The first time I travelled any dis­tance on the Canadian Pacific Rail­way was in 1885, when some of us students dropped our books and joined up with regiments enlisting at Winnipeg to deal with that strange megalomanic, Louis Riel, and any Indian allies he might secure. From Winnipeg to Calgary was largely an uninhabited vastness, only little wooden shack towns dotting the plain along the steel trail. I recall, at Crowfoot Crossing, seeing the lordly Blackfoot Chief, Crowfoot, boarding the train and riding up to Calgary. He was head of the formidable war­like confederacy of Blackfoots, Bloods, Piegans, and other tribes. It would have been easy for him to have swooped down some night with his braves upon that newly-laid railway, scatter it in wreckage on the plain, and thus prevent troops getting into the far west. That he remained loyal to the great White Mother, despite Riel’s runners, was due mainly to the fact that the White Mother’s match­less corps, the North West Mounted Police, had proved themselves to be the friends and protectors of the In­dians in the frontier days when white whiskysellers, horsethieves and such like were on the fairway to destroy these Indians altogether.

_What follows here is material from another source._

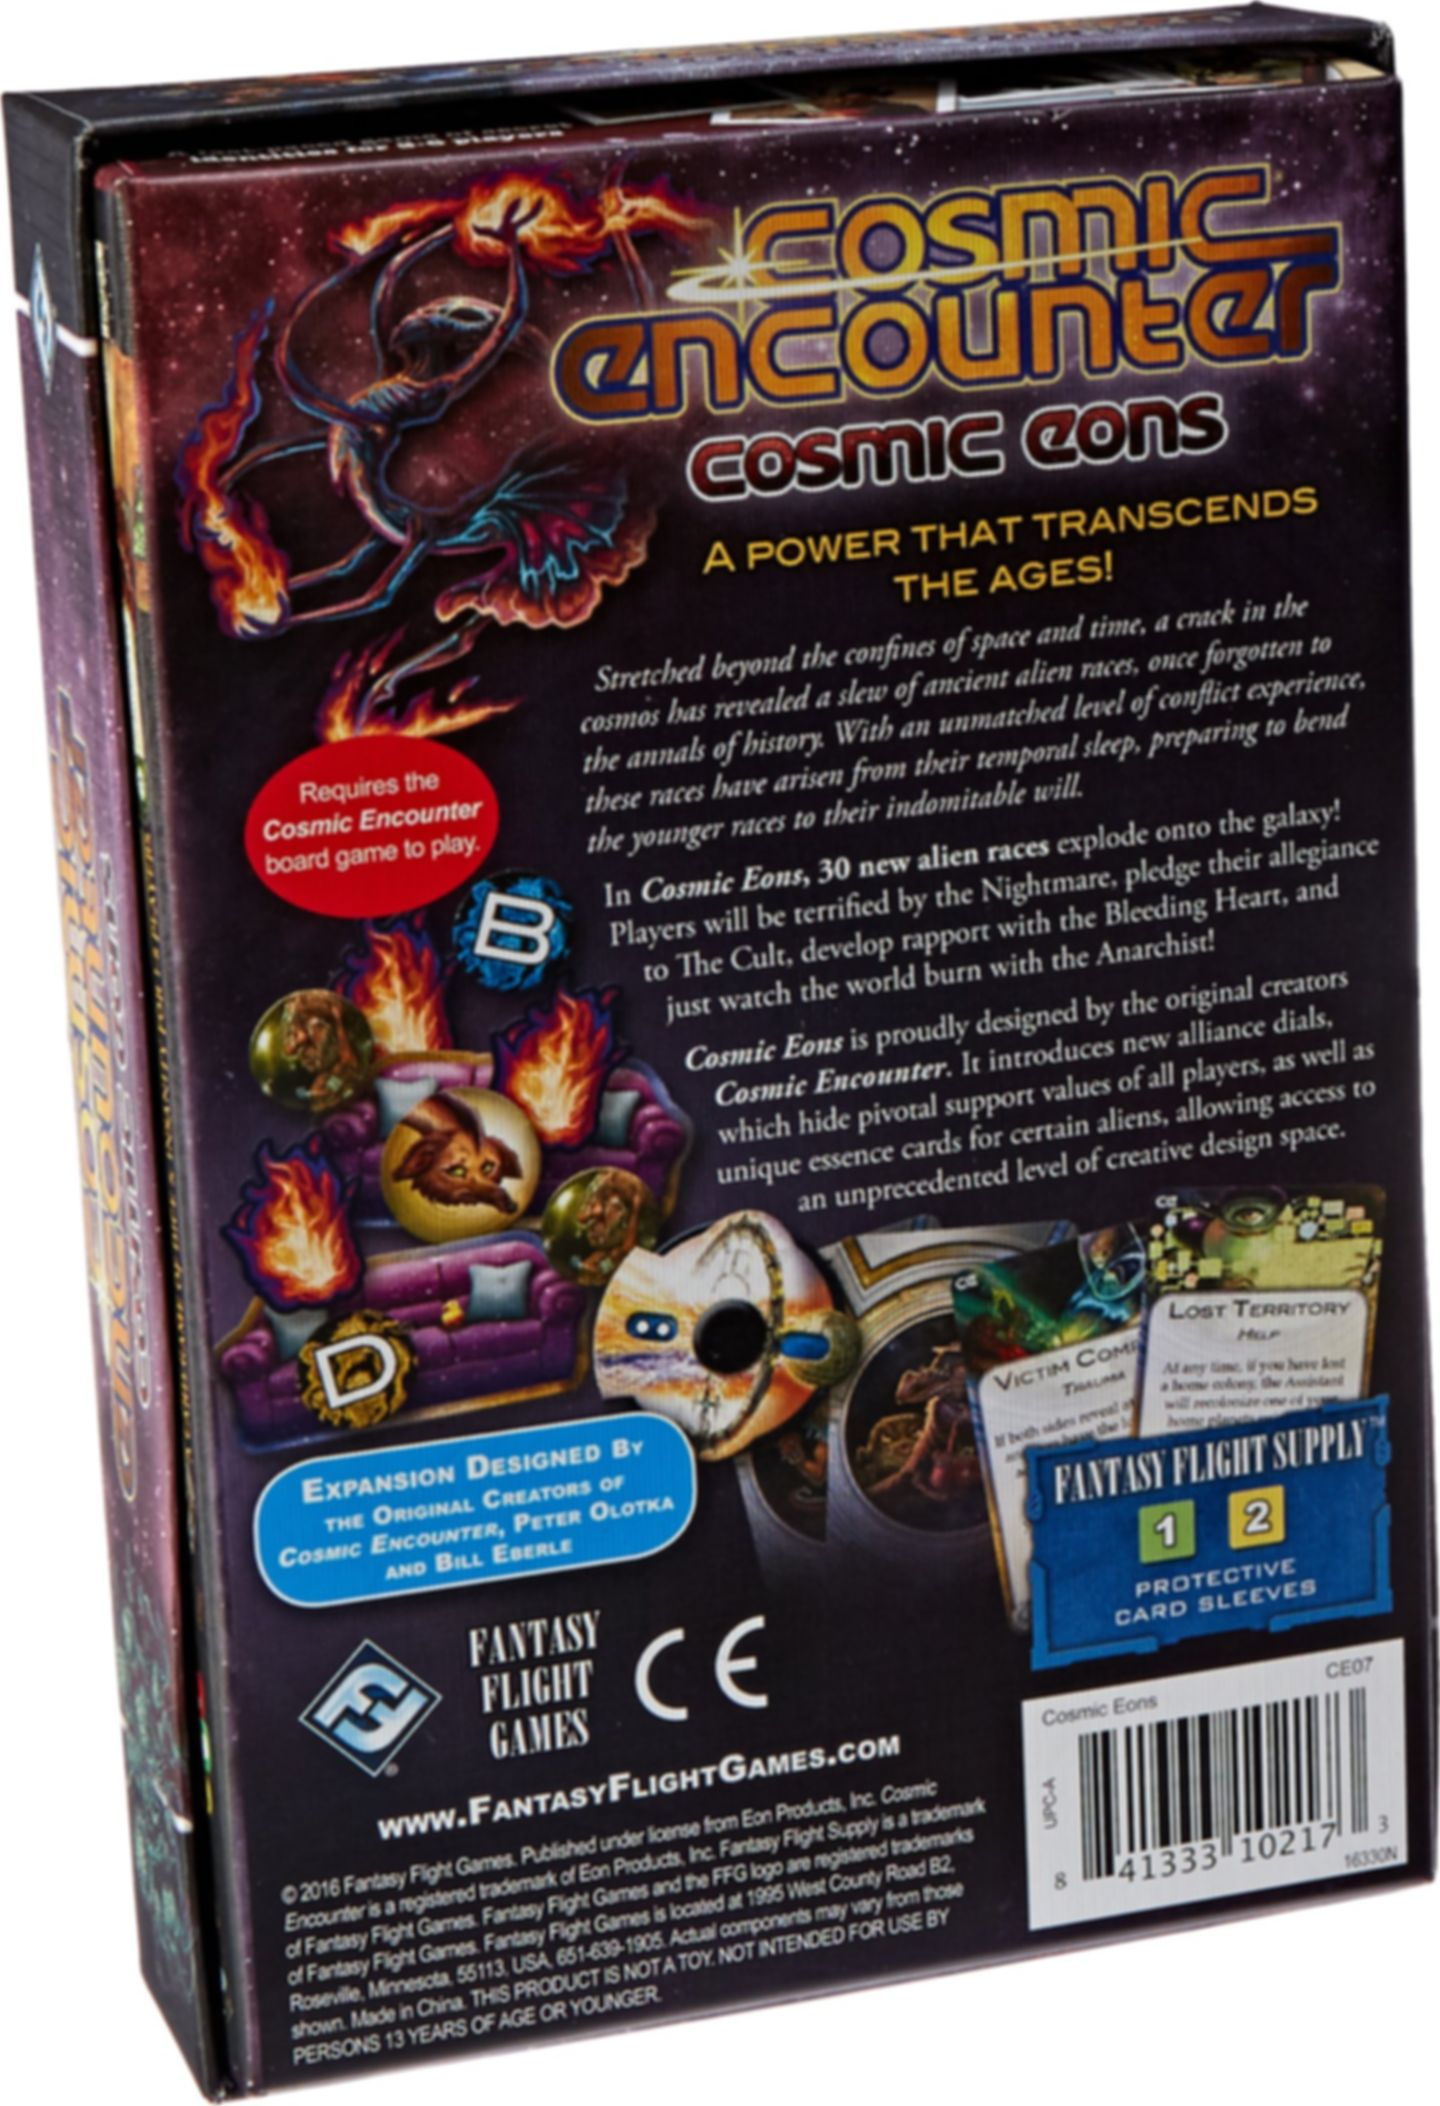 Cosmic Encounter: Cosmic Eons back of the box

When the Hon. David Laird, an­other great figure, came to make treaty with Crowfoot and his allied chiefs, he found that the services of the Mounted Police had prepared the way. In his eloquent camp-fire style, Crowfoot said: “It is some years since Stamix-oto-Kon (McLeod) came. He promised me many things and he never broke his word to the Indians. He has kept all his promises. The Mounted Police have protected us as the feathers protect the bird from the snows of winter.”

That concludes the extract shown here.